The Moffat County commissioners decided Thursday to accept the state’s new property tax valuation of the Salt River Project for 2004.
Salt River owns 29 percent of units 1 and 2 at Craig Station.
The county protested the state’s 2004 valuation, which was $13.2 million.
The state’s new assessment is $14.3 million, which will generate about $66,000 in additional tax revenue.
About $35,000 of the new revenue will go to the school district, and $23,000 will go to the county. The county’s revenue is contingent on the 5.5 percent property tax increase exemption passing this fall.
County Assessor Suzanne Brinks said the state’s Board of Assessment Appeals agreed with the county that Salt River was worth more than the state originally said.
Brinks protested the state’s assessment because Salt River’s valuation had gone down in recent years much more than the other companies at Craig Station.

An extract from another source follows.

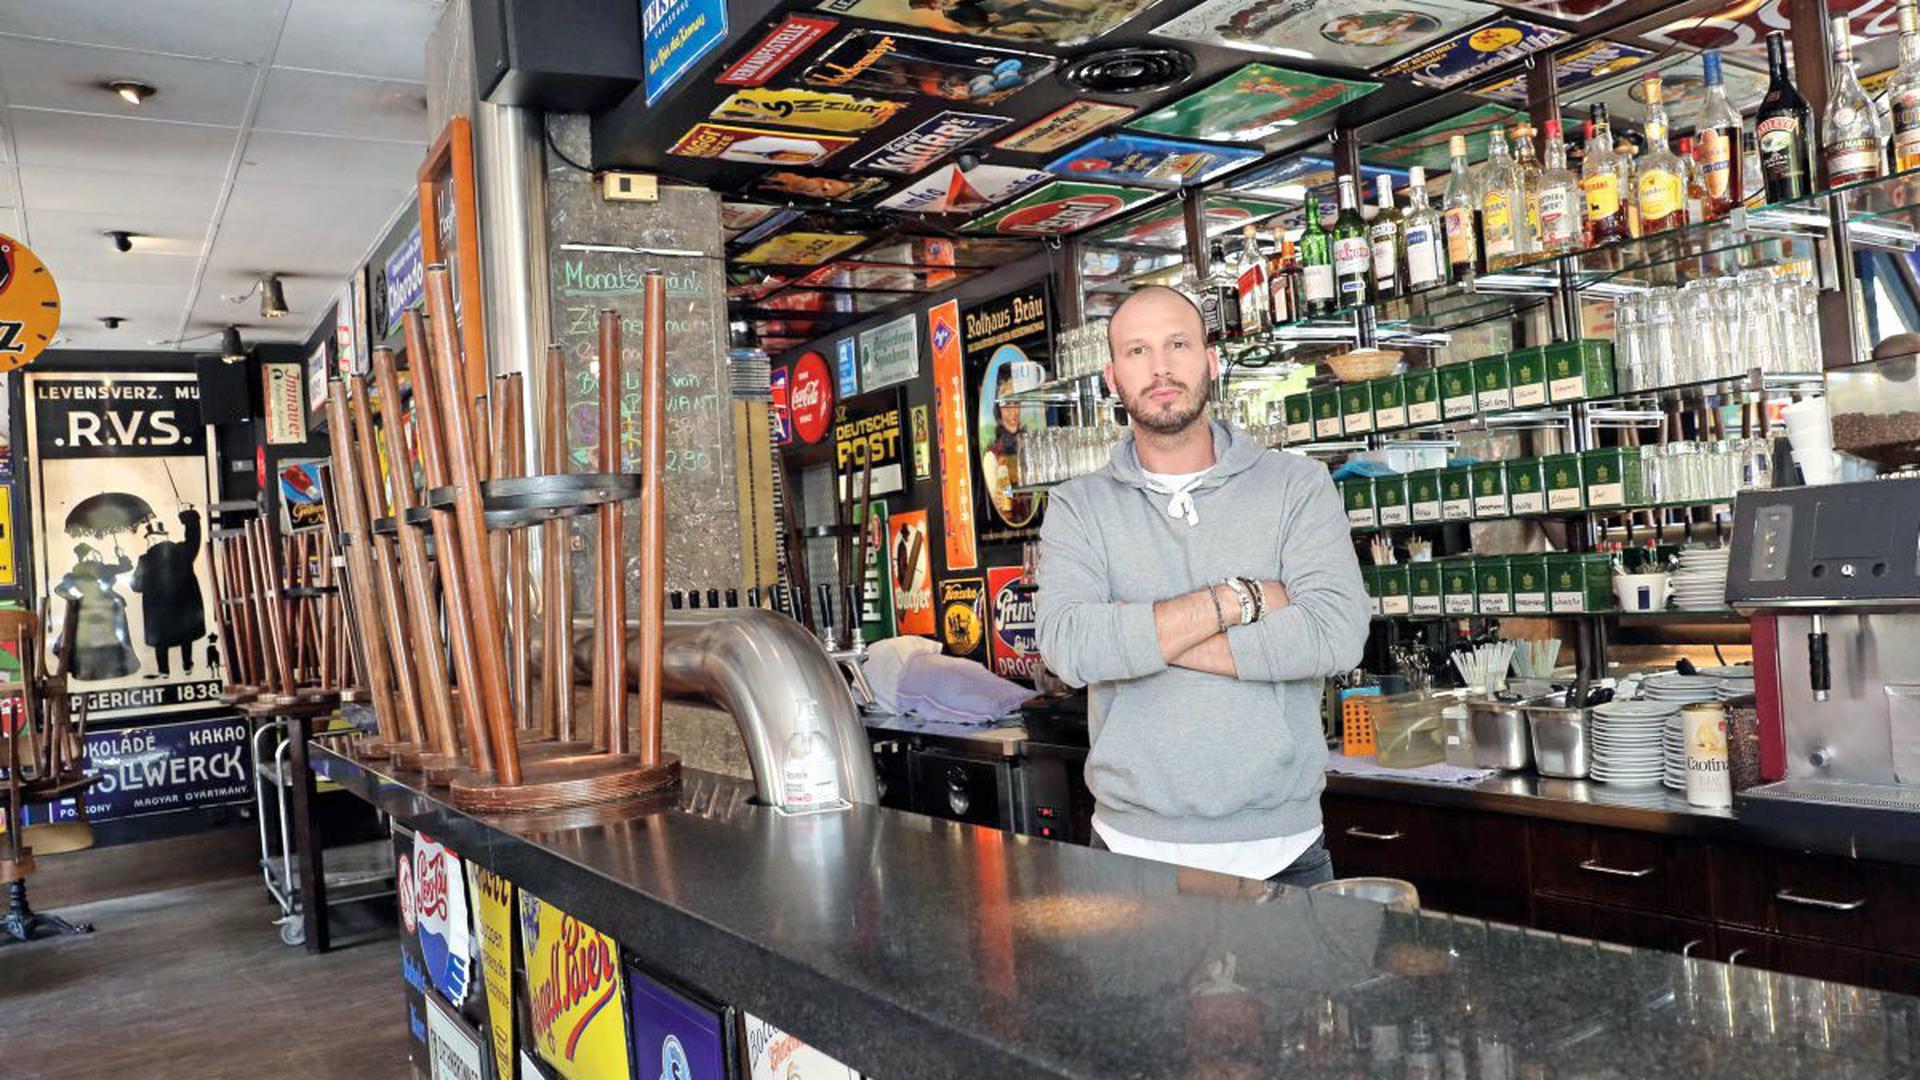 Markus Prikryl arbeitet als Betriebsleiter im Café Bleu. Warum es keine Lockerungen gab, kann er nicht verstehen.

From 1999 to 2004, Salt River’s valuation fell from $23 million to $13 million, a 40 percent drop. Meanwhile Xcel Energy remained relatively unchanged, and Tri-State’s valuation changed by about 15 percent. PacifiCorp’s valuation fell by 22 percent.
The commissioners commended Brinks on Thursday for investigating the Salt River valuation.
“We have the opportunity to put 66,000 additional dollars in the coffers of Moffat County en-tities,” Commis-sioner Darryl Steele said.
Salt River, which is based in Phoenix, can protest the new valuation, but a spokesman said Thursday the company probably wouldn’t.
Salt River spokesman Scott Harelson said the company thinks the state’s new valuation is fair.
The county still is protesting the state’s 2005 valuation of Salt River, but the commissioners don’t expect the 2005 protest to take as long as 2004.
“We’ve been much more proactive so it’s going to be quicker,” Commissioner Tom Gray said.
The county had to ask the state for an extension on the 2004 protest, which made it take longer.